By then, the visible evidence of his injuries had almost disappeared. But there were signs his brain wasn't what it once was, including the five car accidents he had after returning home.
Self recalled a day the friends played a video game, one of their old favorites. Michael got so frustrated he had a tantrum, startling Self.
"His body just wouldn't do what he wanted," said Self, 28. "Every time he would hit his limitations, it would just drive him crazy."
It became clear to those close to Michael that readjusting to his new life was a serious challenge for him. "(His peers) were all talking about their cellphones and shopping and politics and stuff he didn't care about at all," said his father. Michael was struck by "how shallow it all was" compared to what he thought he was fighting for in Iraq.
Before long, he found solace in alcohol. He was not an angry drunk – the drug seemed to bring out a boyish vulnerability, his family said. But his drinking began affecting his relationships, pushing away friends and, ultimately, his fiancée.
"There were times life was hard enough that he just wanted to die, and alcohol was an escape," his father said. "And it was an escape. It wasn't him."

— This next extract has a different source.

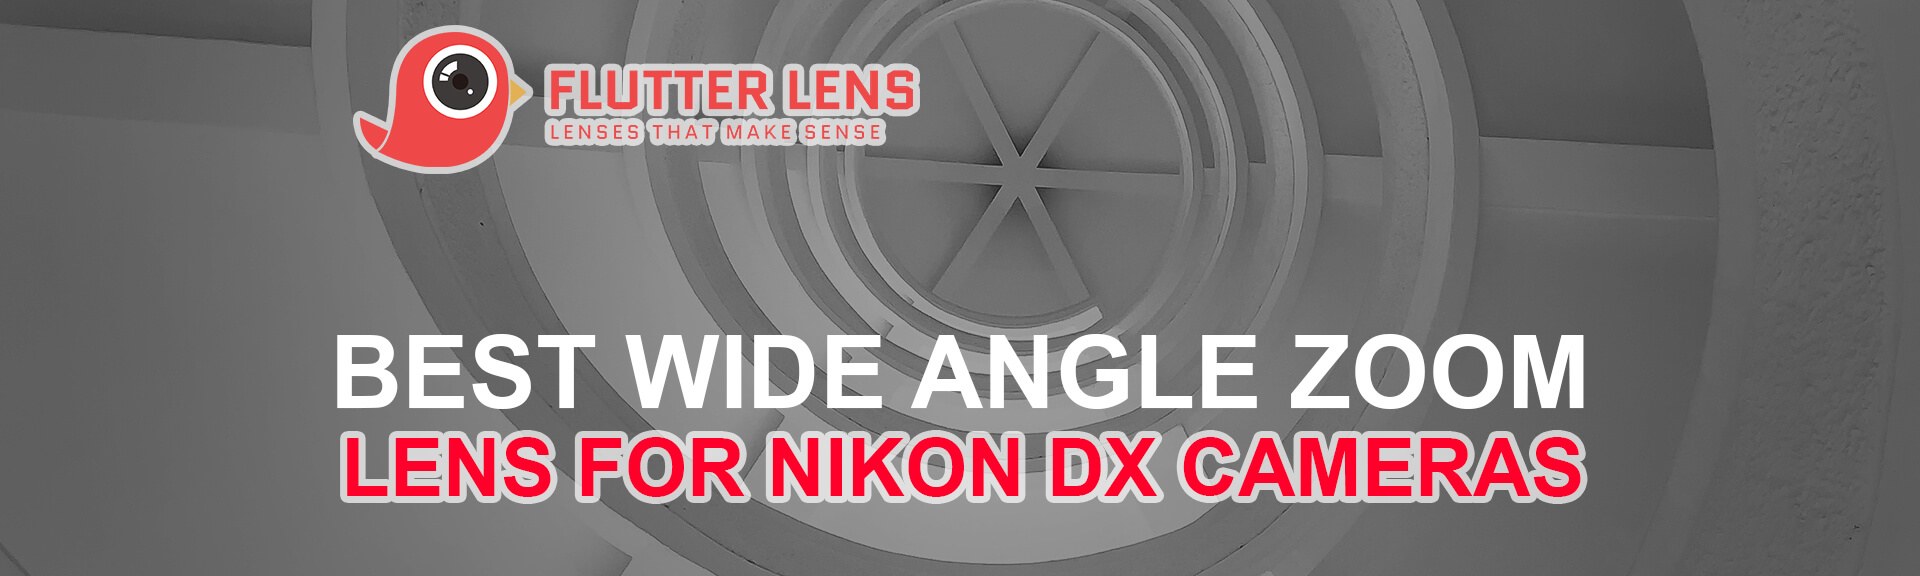 Best Wide Angle Zoom Lens for Nikon DX Cameras

Amid the drinking, Michael continued collecting vintage video games and cultivating investors for a potential business involving those games. He bought a house. His finances, his father later learned, were impeccably organized, his military payout responsibly invested.
"He wanted to accomplish big things in life," said Lehnert, Michael's mentor. "I often thought he 5; had a lot of talent; life didn't always deal him the cards it dealt other people."
Much more to give
Michael peeked into Boyd's Del Campo classroom in January, nine years after he had left it, and was surprised when she remembered him.
Michael told her all he had been through, shared with her the sobriety chip he had recently earned from Alcoholics Anonymous.
She invited him to speak to a class that promotes "individual determination" as an avenue toward college. She felt he could offer "real-world lessons." Her students were entranced.
"It would be so easy for somebody in his situation 5; to be angry and spiteful and negative," Boyd said. "I could tell he had been changed, but who he was at his core had not changed."
Sobriety didn't last. In a matter of weeks, Michael had relapsed and went on a bender he wouldn't survive.
Citrus Heights police declined to comment for this story. But according to accounts that police and prosecutors have shared with his family, Michael was drinking with a man he had met in AA in the hours before his death.
Shortly after 7 a.m., Michael was stabbed in the back and a violent struggle ensued, according to the family. Police would arrive to find Michael's safe, where he kept collectibles, open with items missing; other belongings had been stolen from the house.
Later that day, officers arrested Nicholas Mangelli, 21, Michael's AA acquaintance, after he allegedly tried to pawn some of the items. Mangelli, also a Del Campo High graduate, has been charged with murder and robbery. He has not entered a plea, and declined an interview from the Sacramento County Main Jail. His attorney, David Dratman, also declined comment.
As he waits for the case to play out, Michael's father finds the waste of it all difficult to comprehend. It took millions of dollars and the efforts of so many people to put Michael back together after Iraq, and yet his life "was then snuffed out 5; for a few trinkets."
"Michael," Greg said, "would have given him more than he stole."